Ce scandale, soulevé une première fois en 2010, était revenu en force sur la table en 2019, en grande partie grâce à Sauvegarde Retraites. Les régimes gestionnaires des retraites du privé avaient alors affirmé que toutes les mesures avaient été prises pour y mettre fin. Six ans plus tard, on constate qu’il n’en est rien.

Dans son dernier rapport annuel, la Cour des comptes souligne « l’importance des enjeux financiers, concentrés dans quelques pays » où vivent 77 % des retraités affiliés aux régimes de retraite français mais résidant à l’étranger, notamment en Belgique, au Portugal, en Espagne, en Italie, en Israël, en Tunisie, au Maroc et, surtout, en Algérie. Les fraudes concernent en majorité ce dernier pays, où demeurent 31 % des retraités résidant à l’étranger.

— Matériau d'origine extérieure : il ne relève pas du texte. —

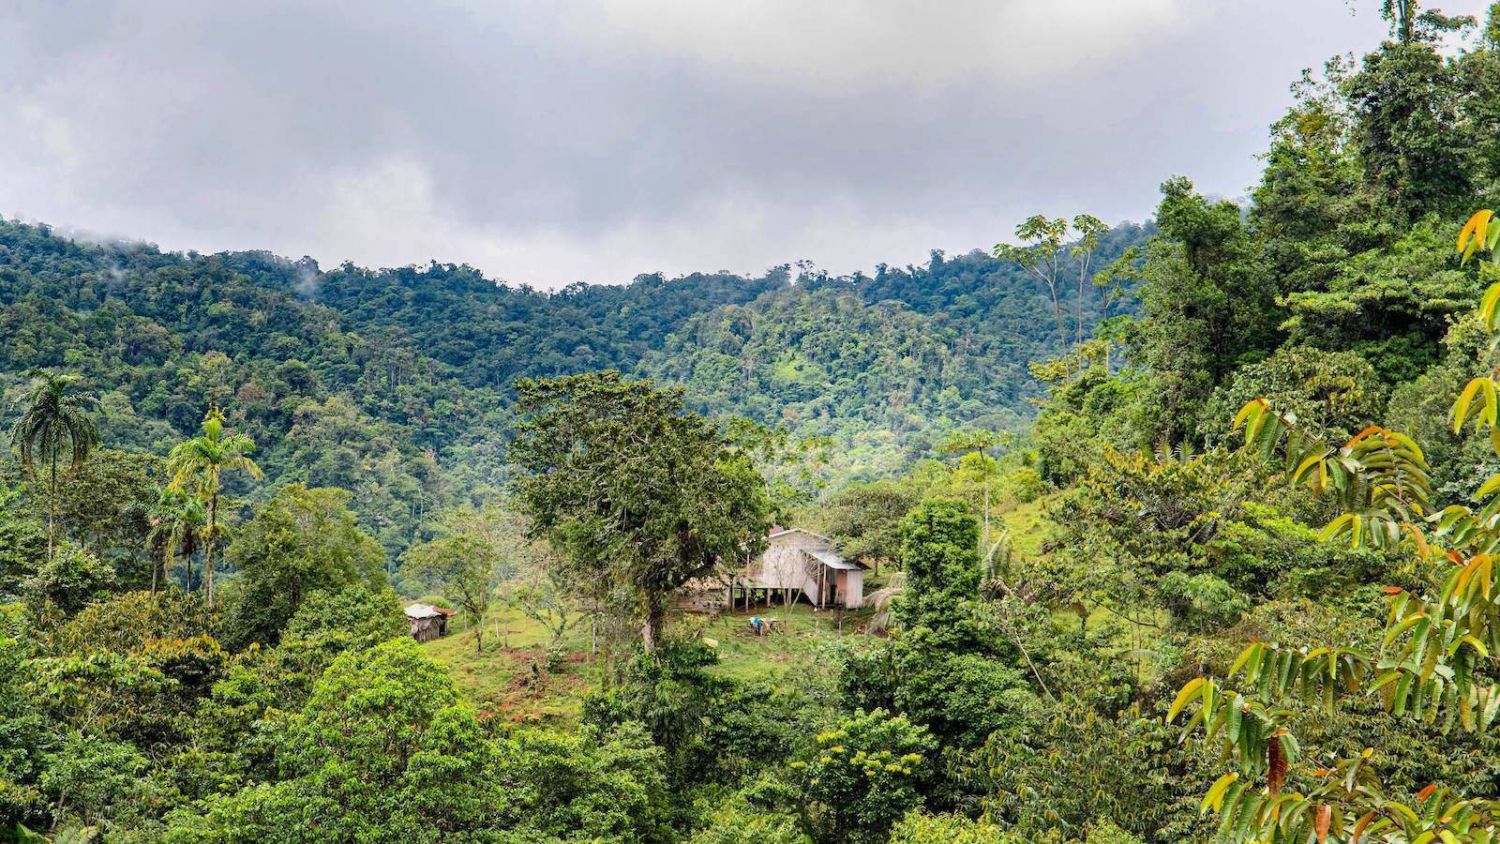 Lauded as Green Model, Costa Rica Faces Unrest in Its Forests - Yale E360

Quelques chiffres permettent de prendre la pleine mesure de ces enjeux lourds de conséquences pour les régimes de retraite français (et, par conséquent, leurs affiliés) :

  • 1,1 million de personnes résidant à l’étranger perçoivent une pension du régime général et 900 000 de l’AGIRC-ARRCO, ce qui représente 7 % du nombre de retraités de ces régimes
  • Le montant total des retraites qui leur sont versées s’est élevé en 2022 à 3,9 milliards d’euros pour le régime général et à 2 milliards d’euros pour l’AGIRC-ARRCO ;
  • Le montant des indus (montants versés à tort) sur ces pensions de retraite représente 28 % de ceux du régime général et 10 % de ceux de l’AGIRC-ARRCO.

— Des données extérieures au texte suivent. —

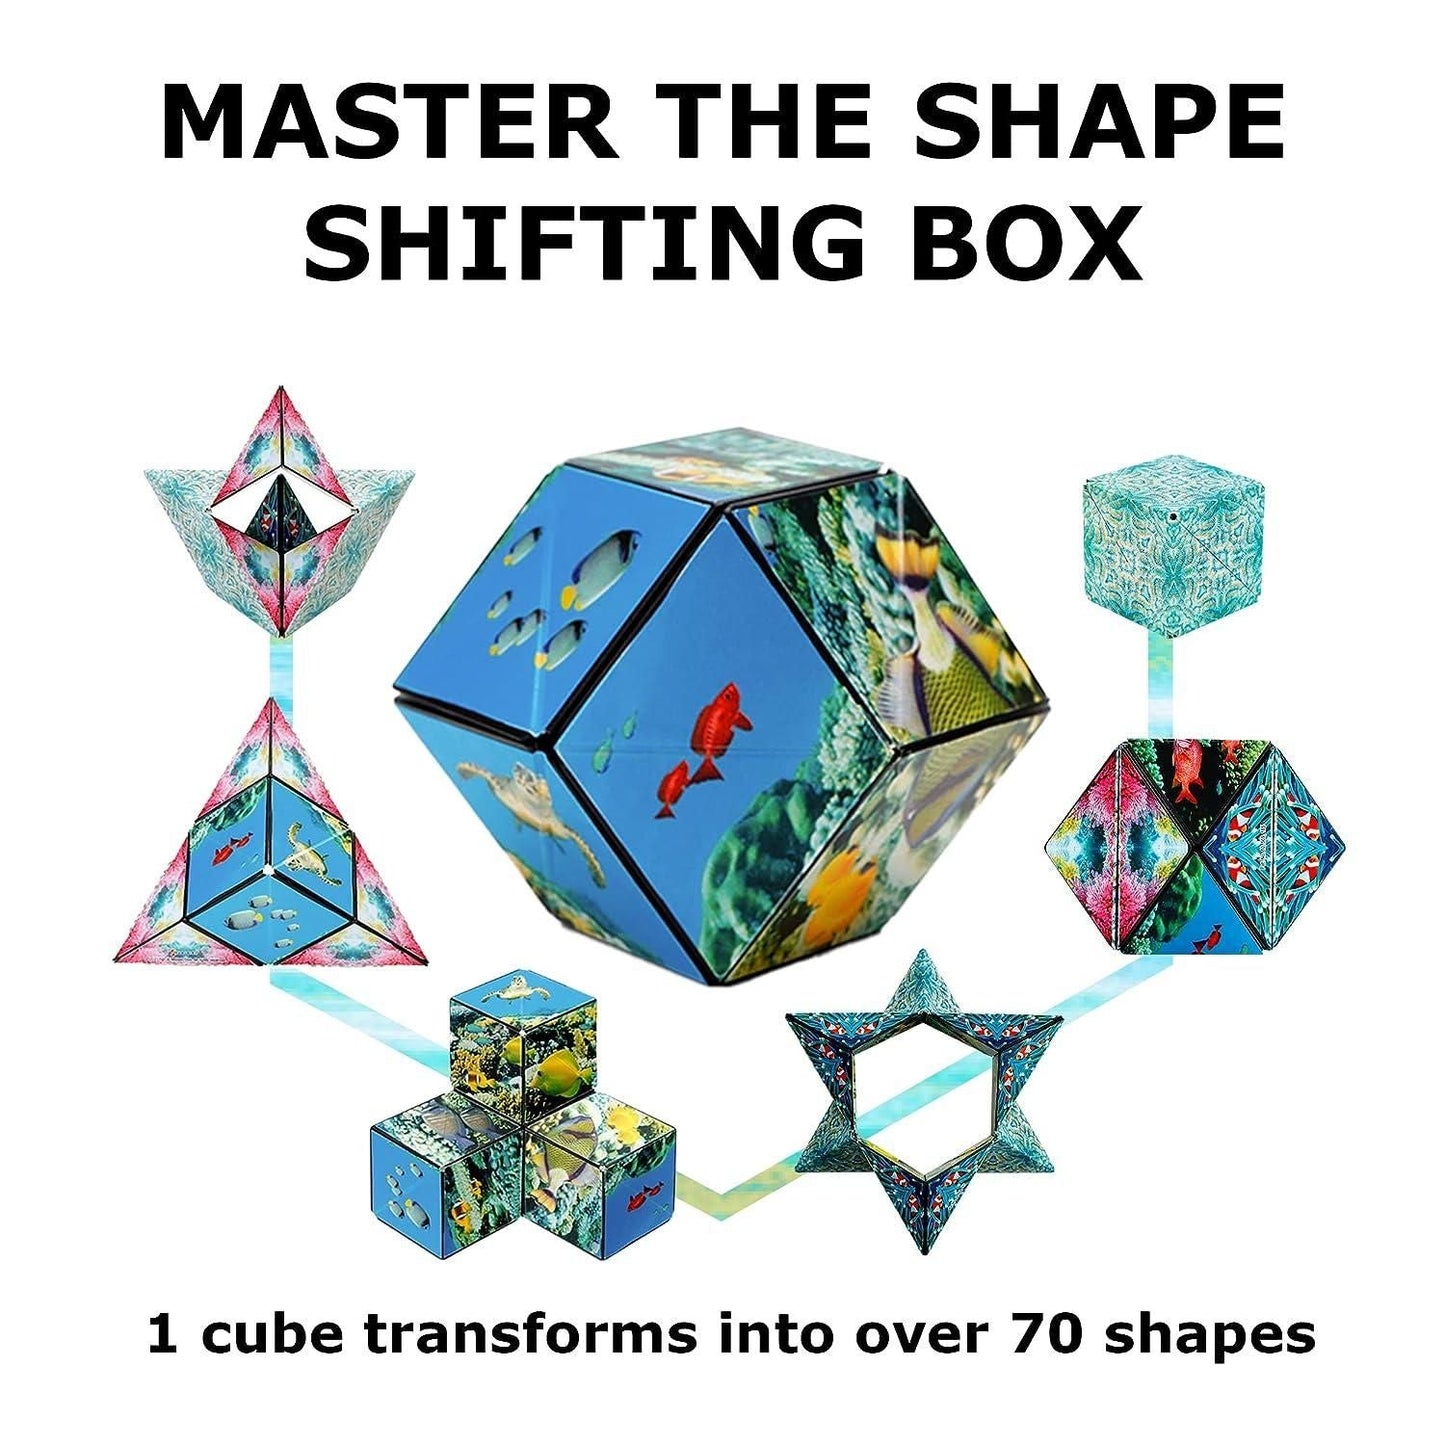 Shape Shifting Box Award-Winning, Patented Fidget Cube w/ 36 Rare Earth Magnets - Premium  from Roposo Clout - Just $700! Shop now at Mystical9

Les arnaques sur les pensions de retraite versées à l’étranger prennent des formes différentes. En tête, figure l’absence de déclaration du décès d’un retraité dont les proches continuent indument à percevoir la pension. Ce type de fraude explique la proportion anormalement élevée de retraités âgés de 80 à 89 ans et de centenaires supposés résidant à l’étranger, par rapport à ceux résidant en France. En Algérie, par exemple, « les contrôles exigeant la présence physique des pensionnés montrent que, parmi les pensionnés d’une classe d’âge donnée dont 10 % ont été convoqués, les décès constatés n’avaient pas été déclarés à la Cnav dans près d’un cas sur deux (44 %) ». En outre, on peut soupçonner que certains assurés qui ne se sont pas présentés à la convocation étaient décédés. Par extrapolation, la Cour estime que les fautes ou fraudes au décès en Algérie coûtent entre 40 et 80 millions d’euros par an au régime général et à l’AGIRC-ARRCO. Pour le Maroc, l’estimation est de l’ordre de 12 millions d’euros.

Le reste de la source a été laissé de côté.